The basic approach has a flaw, so how it handles your special case is not important to me personally.

Just my opinion.

Does anyone else want to chip in?
 
Here's my problem with detecting an infinite loop by simulation...

A program loops until it finds a counter example for Fermat's last theorem, we know it will not halt, but a simulator could not, because the loop is conditional, and the variables never repeat.

C:
int DD()
{
  int Halt_Status = HHH(DD);
  if (Halt_Status)
    HERE: goto HERE;
  return Halt_Status;
}
All of my work for the last twenty years has only dealt with
(programs / Turing Machine descriptions) that are isomorphic to the above example.

Just to show the scope of my work: (not appropriate for a C forum)
Here is the Peter Linz Turing Machine based Halting Problem proof.
https://www.liarparadox.org/Linz_Proof.pdf
It is essentially isomorphic to the above C code.
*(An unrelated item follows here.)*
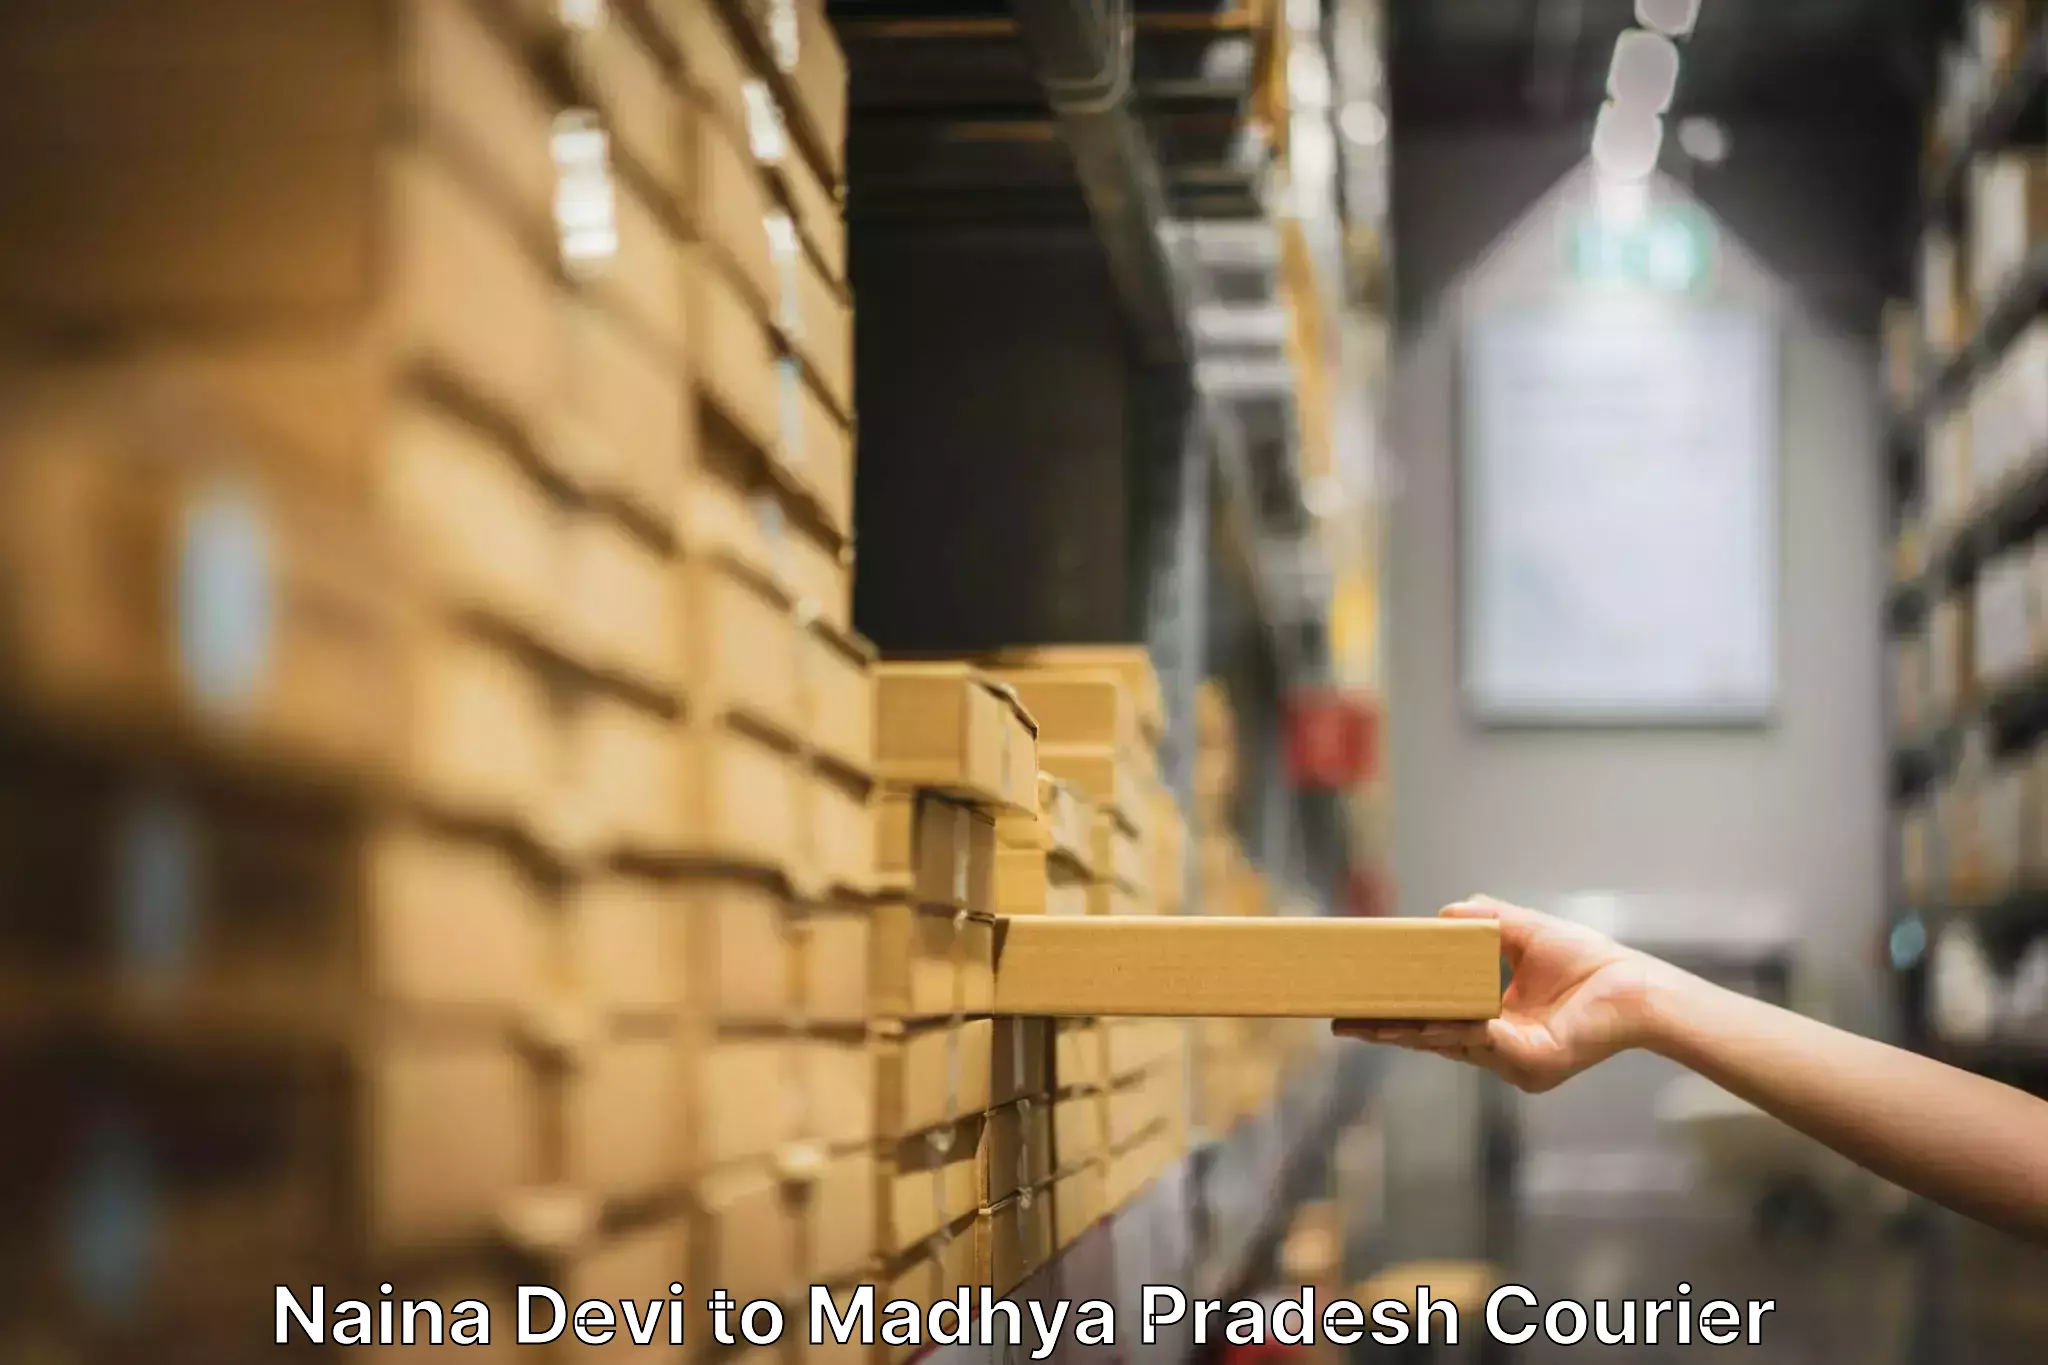 Home moving specialists Naina Devi to Madhya Pradesh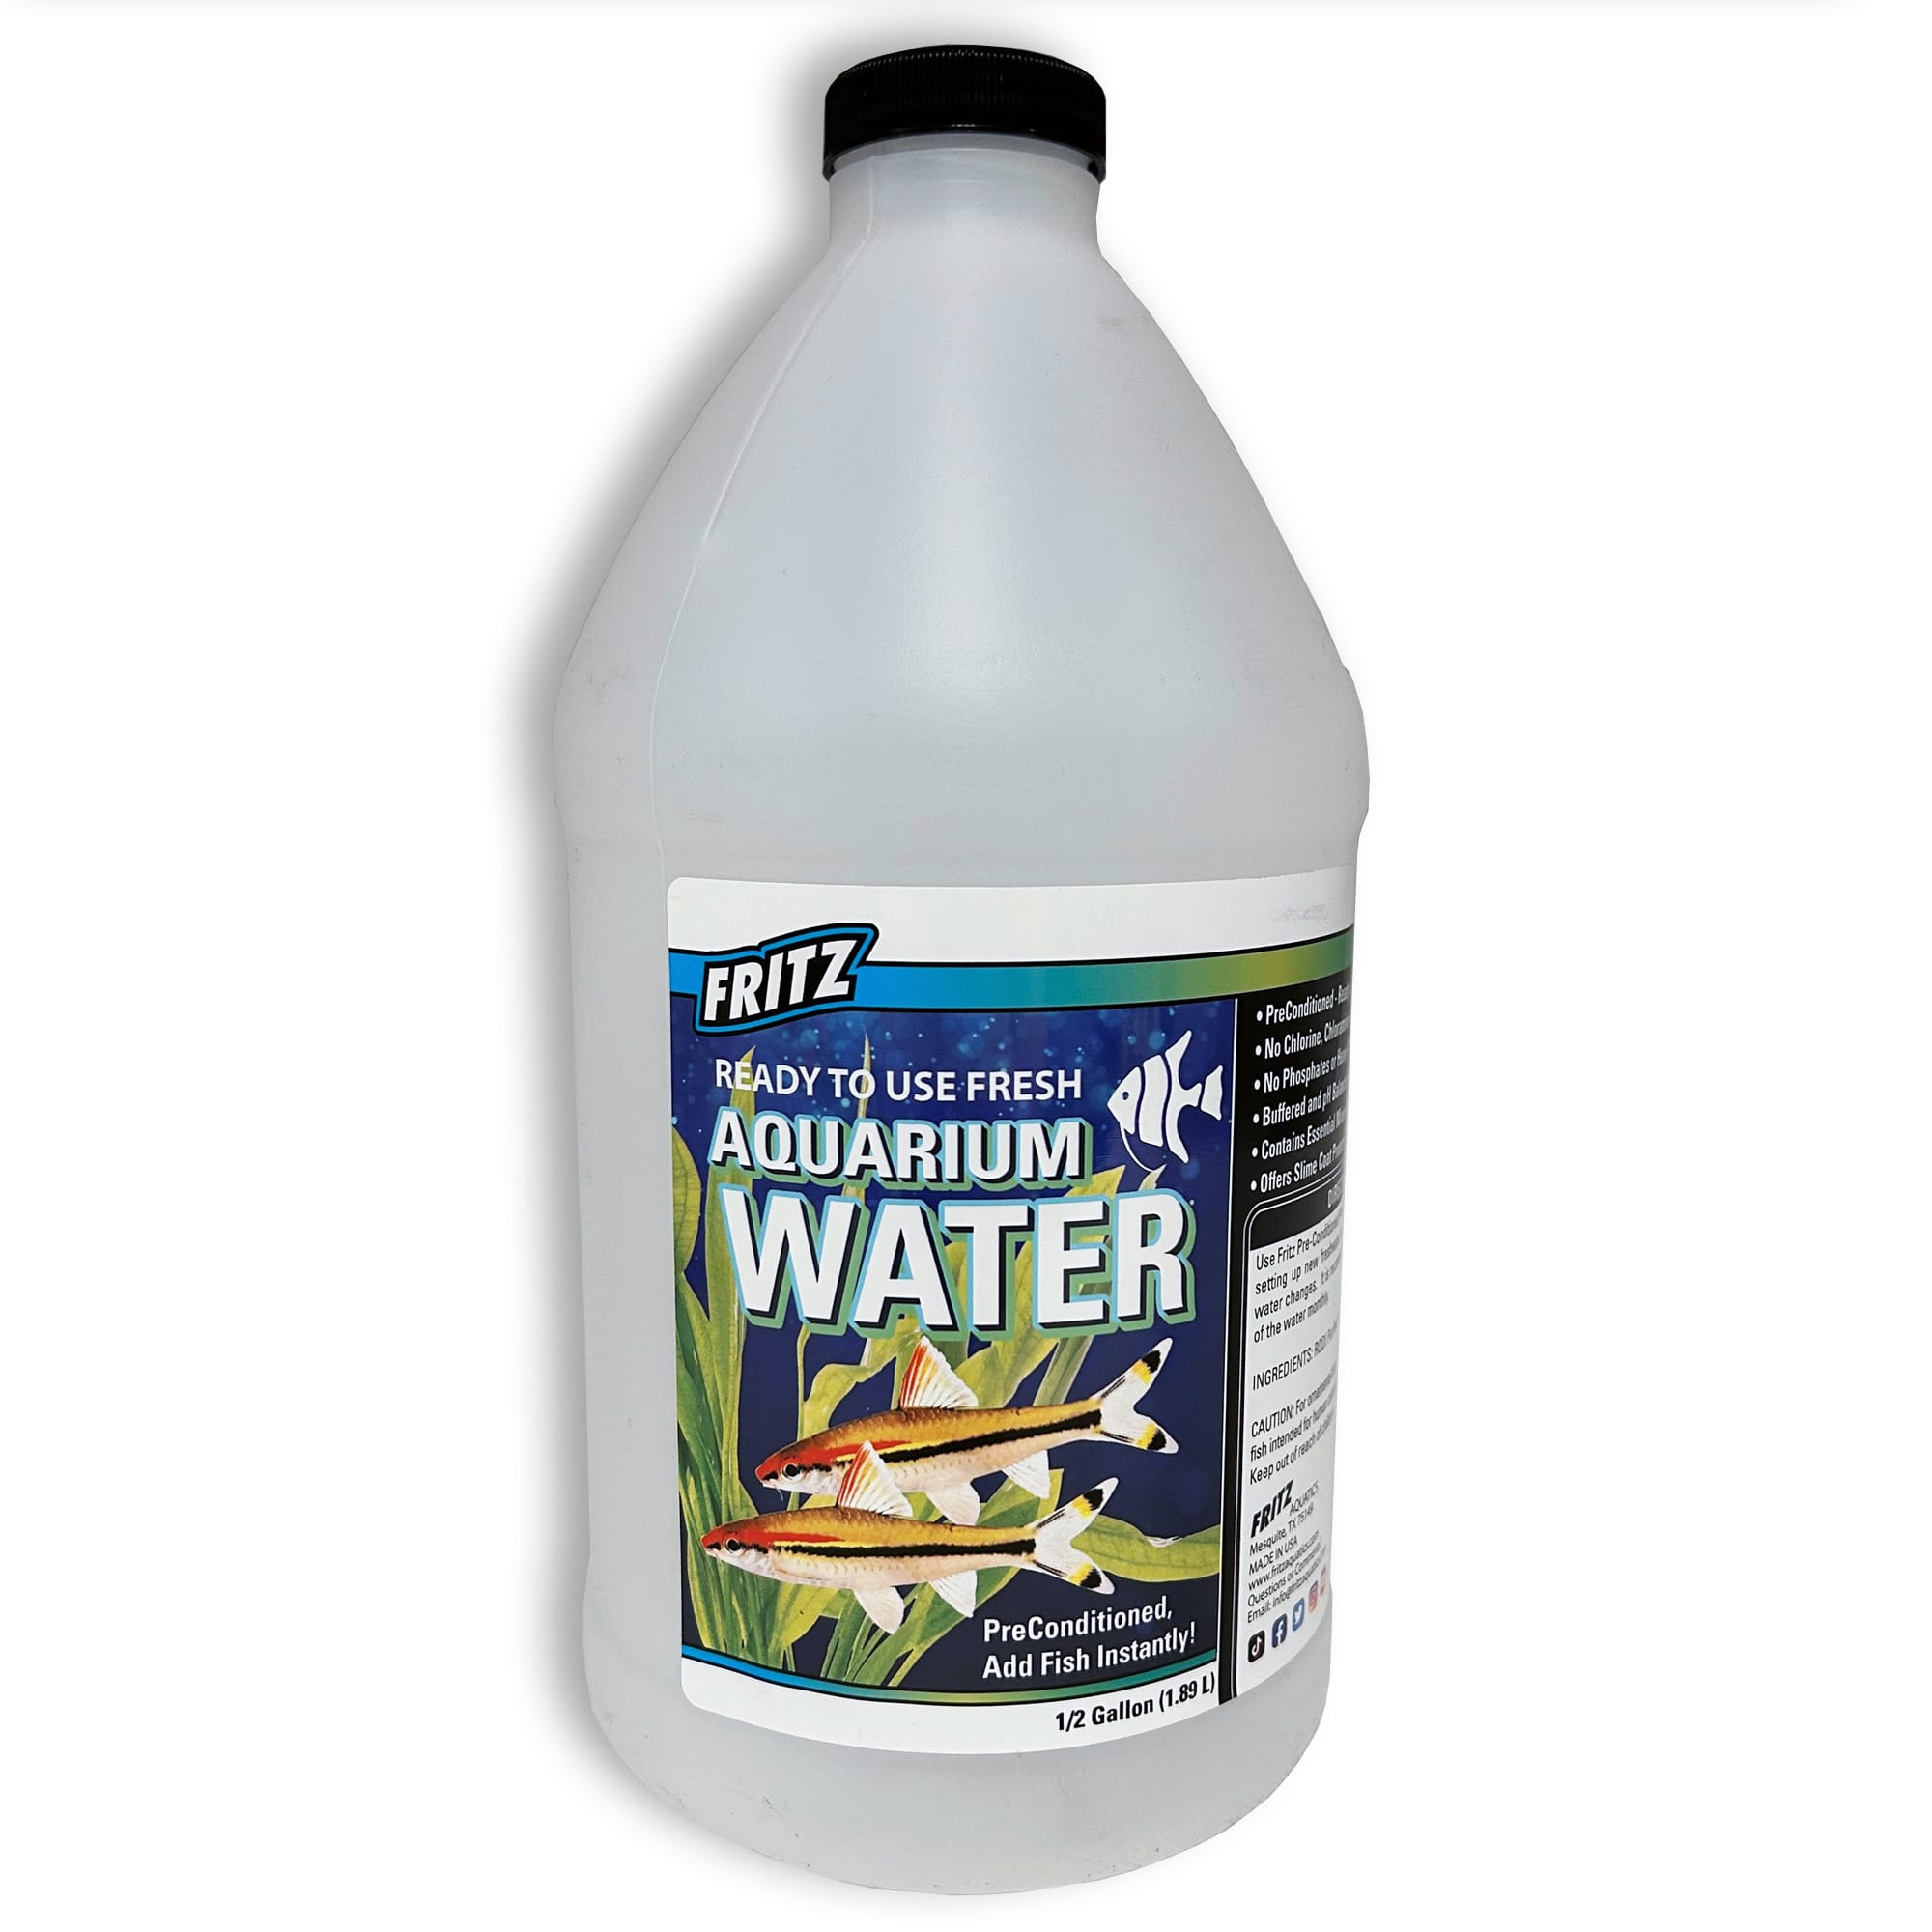 Fritz　Aquatics　Fresh　Petco　Aquarium　Water,　2.5　Gallon

I am not solving the Halting Problem. I am refuting the conventional
proofs of the Halting Problem. By refuting all of the conventional
proofs the Halting Problem is no longer proven. This provides a key
basis for others to actually solve the Halting Problem.

The above code presents recursive simulation that is essentially the
same sort of thing as infinite recursion to any simulating termination
analyzer HHH that is based on an x86 emulator.
Termination analysis - Wikipedia

This is fully operational C code right here:
It depends on the x86utm operating system written in C++
and the libx86emu x86 emulator library written in C.
 
Last edited:
A program loops until it finds a counter example for Fermat's last theorem, we know it will not halt, but a simulator could not, because the loop is conditional, and the variables never repeat.

Another program calculates a sum we know exists, but does so in an extremely inefficient manner, we know it will halt, but a simulator would need billions of years to figure that out.
Those examples are not provably impossible. They are merely very difficult. The halting problem counter-example is framed to require a yes/no answer to a self-contradictory question.

Professor Hehner sums it up like this:
Can Carol correctly answer “no” to this (yes/no) question?
https://cs.toronto.edu/~hehner/OSS.pdf
Carol cannot correctly answer that question because for Carol it is a self-contradictory question.

Professor Hehner agrees with this verbatim summation of his paper:
"the halting problem cannot be solved because there is something wrong with it."